Conclusion: The two equations are dependent and represent the same line; there are infinitely many solutions.
Description of the solution set: all points (x, y) that satisfy 5x - 6y = 8; e.g., one can parametrize quickly: x = (8 + 6y)/5 for any y.

Given system:
\begin{cases}
a1 x + b1 y = c1, \ a2 x + b2 y = c2.
\end{cases}
Compute determinant: $\Delta = a1 b2 - a2 b1.$
If $\Delta \neq 0$ : unique solution.
If $\Delta = 0$ : check for dependence vs inconsistency:
- If there exists a scalar k with (a2, b2, c2) = k(a1, b1, c1): infinitely many solutions (coincident lines).
- If no such k exists (the triples are not proportional): no solution (parallel distinct lines).

Least-squares regression provides the best linear fit in the sense of minimizing squared errors under the model assumptions.
Practical considerations:
- Data quality, outliers, and extrapolation beyond the data range can affect accuracy and predictive power.
- The normal equations give a stable method when data are well-conditioned; ill-conditioned data (e.g., x_i very close in value) can lead to numerical instability.
Real-world relevance:
- Used for forecasting sales trends, demand planning, and many other predictive analytics tasks.
- In linear systems, understanding the number of solutions helps in modeling feasibility and consistency with observed data.

Least-squares line:
$y = mx + b$
Normal equations:
$\sum{i=1}^n yi = m\sum{i=1}^n xi + b\,n, \qquad \sum{i=1}^n xi yi = m\sum{i=1}^n xi^2 + b\sum{i=1}^n x_i.$
Determinant criterion (2×2 system):
$\Delta = a1 b2 - a2 b1.$
Solution existence:
- If $\Delta \neq 0$ , unique solution.
- If $\Delta = 0$ and ratios match, infinite solutions; if not, no solution.
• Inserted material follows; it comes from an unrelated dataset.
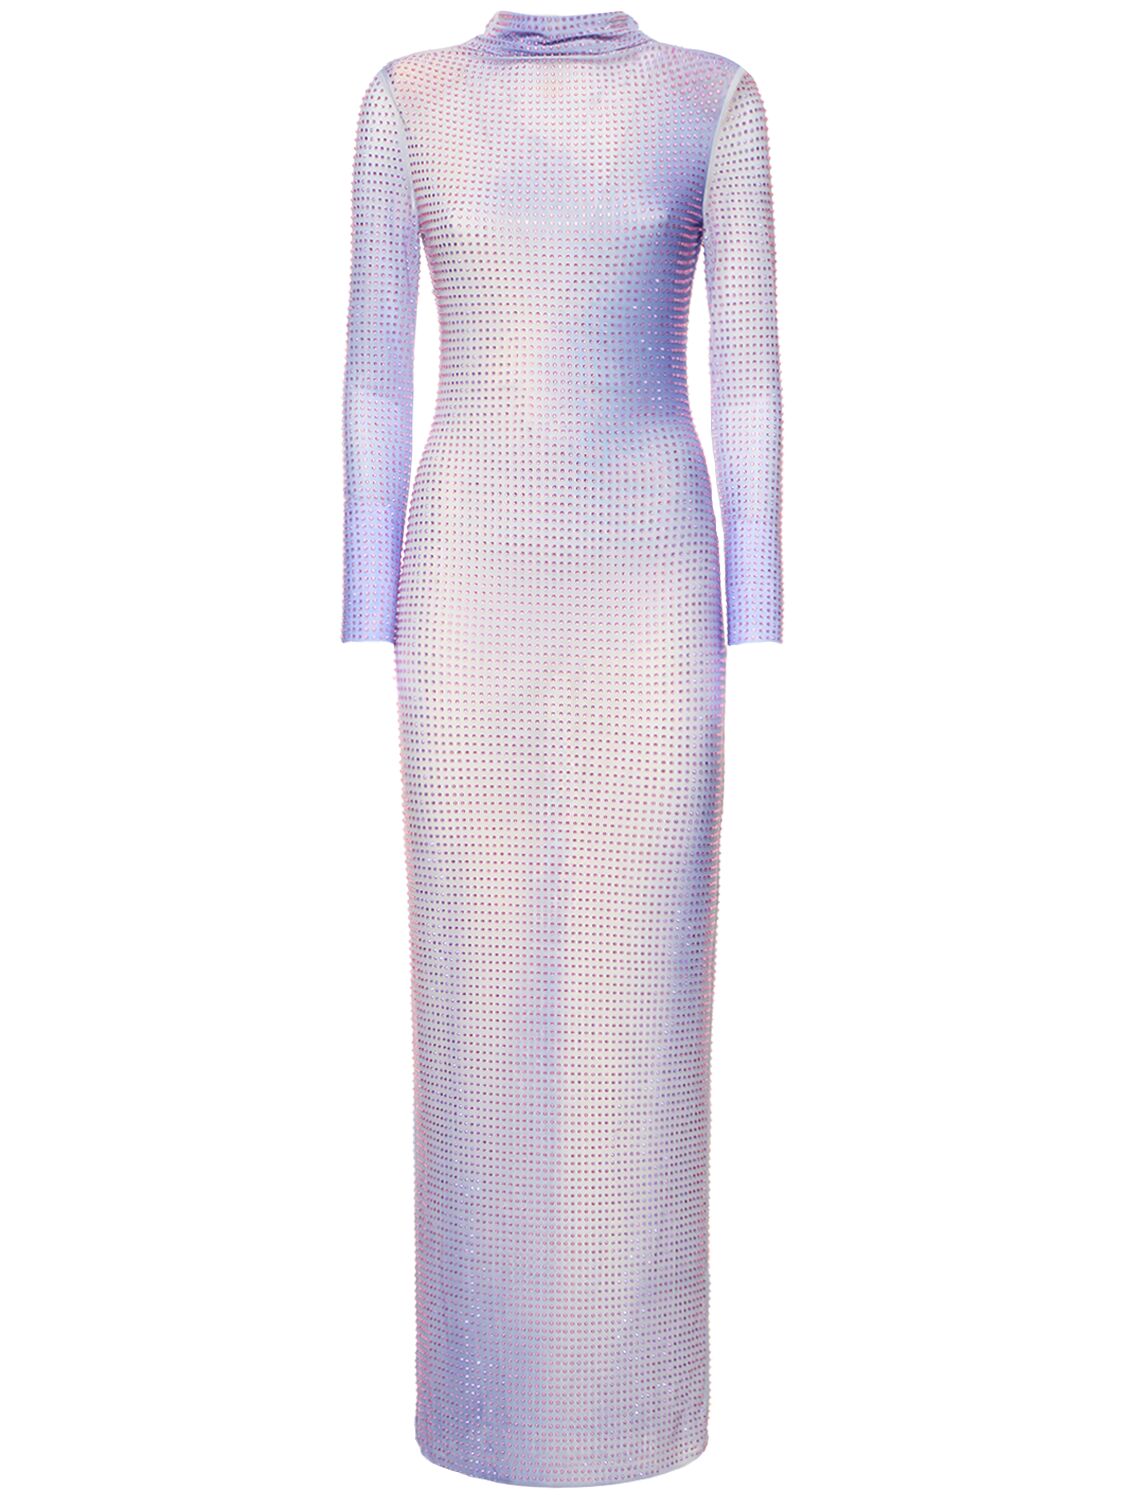 Image of Embellished Maxi Dress

The transcript provides concrete example lines (e.g., Y = -0.685x + 8.426 and Y = -0.95x + 10.35) illustrating the least-squares fits.
The substitution method shown in the examples demonstrates a straightforward approach to solving linear systems by expressing one variable in terms of the other and back-substituting.
Ethical/practical caveats: regression results should be interpreted in light of data quality, context, and the risk of overreliance on extrapolation."